Structural analyses of heterologously expressed mammalian membrane proteins remain a great challenge given that microgram to milligram amounts of correctly folded and highly purified proteins are required. Here, we present a novel method for the expression and affinity purification of recombinant mammalian and in particular human transport proteins in Xenopus laevis frog oocytes. The method was validated for four human and one murine transporter. Negative stain transmission electron microscopy (TEM) and single particle analysis (SPA) of two of these transporters, i.e., the potassium-chloride cotransporter 4 (KCC4) and the aquaporin-1 (AQP1) water channel, revealed the expected quaternary structures within homogeneous preparations, and thus correct protein folding and assembly. This is the first time a cation-chloride cotransporter (SLC12) family member is isolated, and its shape, dimensions, low-resolution structure and oligomeric state determined by TEM, i.e., by a direct method. Finally, we were able to grow 2D crystals of human AQP1. The ability of AQP1 to crystallize was a strong indicator for the structural integrity of the purified recombinant protein. This approach will open the way for the structure determination of many human membrane transporters taking full advantage of the Xenopus laevis oocyte expression system that generally yields robust functional expression.

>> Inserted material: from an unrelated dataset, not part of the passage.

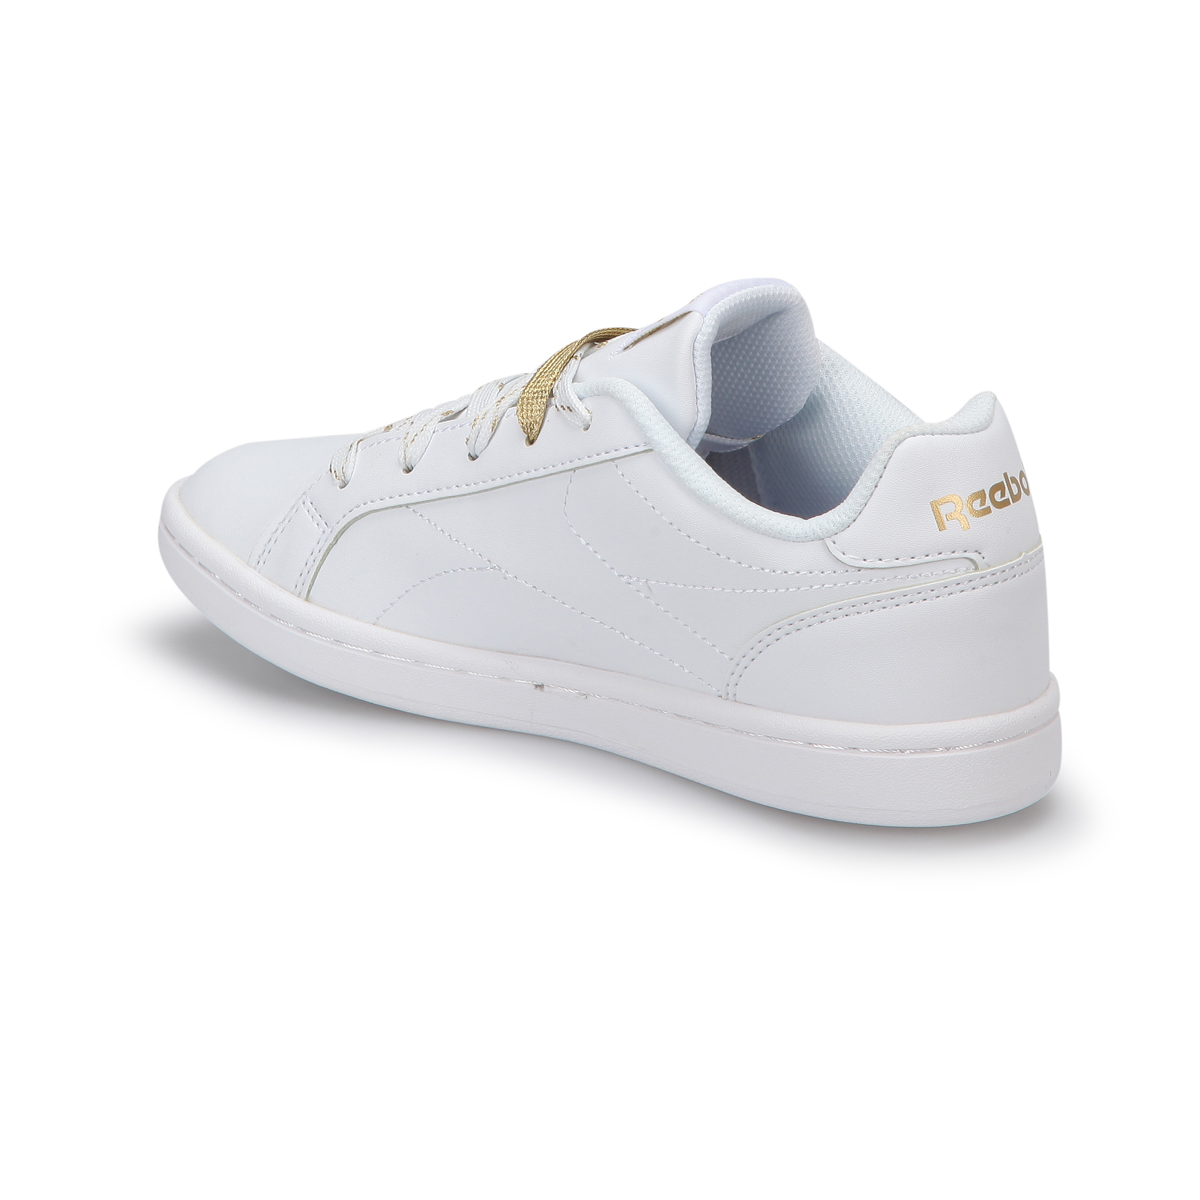 Reebok BS8482 Beyaz Unisex Çocuk Sneaker Ayakkabı 100302760 |

A tool for the qualitative comparison of membrane-embedded and detergent-solubilized membrane protein structures in projection

The calculation of projection structures (PSs) from Protein Data Bank (PDB)-coordinate files of membrane proteins is not well-established. Reports on such attempts exist but are rare. In addition, the different procedures are barely described and thus difficult if not impossible to reproduce. Here we present a simple, fast and well-documented method for the calculation and visualization of PSs from PDB-coordinate files of membrane proteins: the projection structure visualization (PSV)-method. The PSV-method was successfully validated using the PS of aquaporin-1 (AQP1) from 2D crystals and cryo-transmission electron microscopy, and the PDB-coordinate file of AQP1 determined from 3D crystals and X-ray crystallography. Besides AQP1, which is a relatively rigid protein, we also studied a flexible membrane transport protein, i.e. the L-arginine/agmatine antiporter AdiC. Comparison of PSs calculated from the existing PDB-coordinate files of substrate-free and L-arginine-bound AdiC indicated that conformational changes are detected in projection. Importantly, structural differences were found between the PSV-method calculated PSs of the detergent-solubilized AdiC proteins and the PS from cryo-TEM of membrane-embedded AdiC. These differences are particularly exciting since they may reflect a different conformation of AdiC induced by the lateral pressure in the lipid bilayer.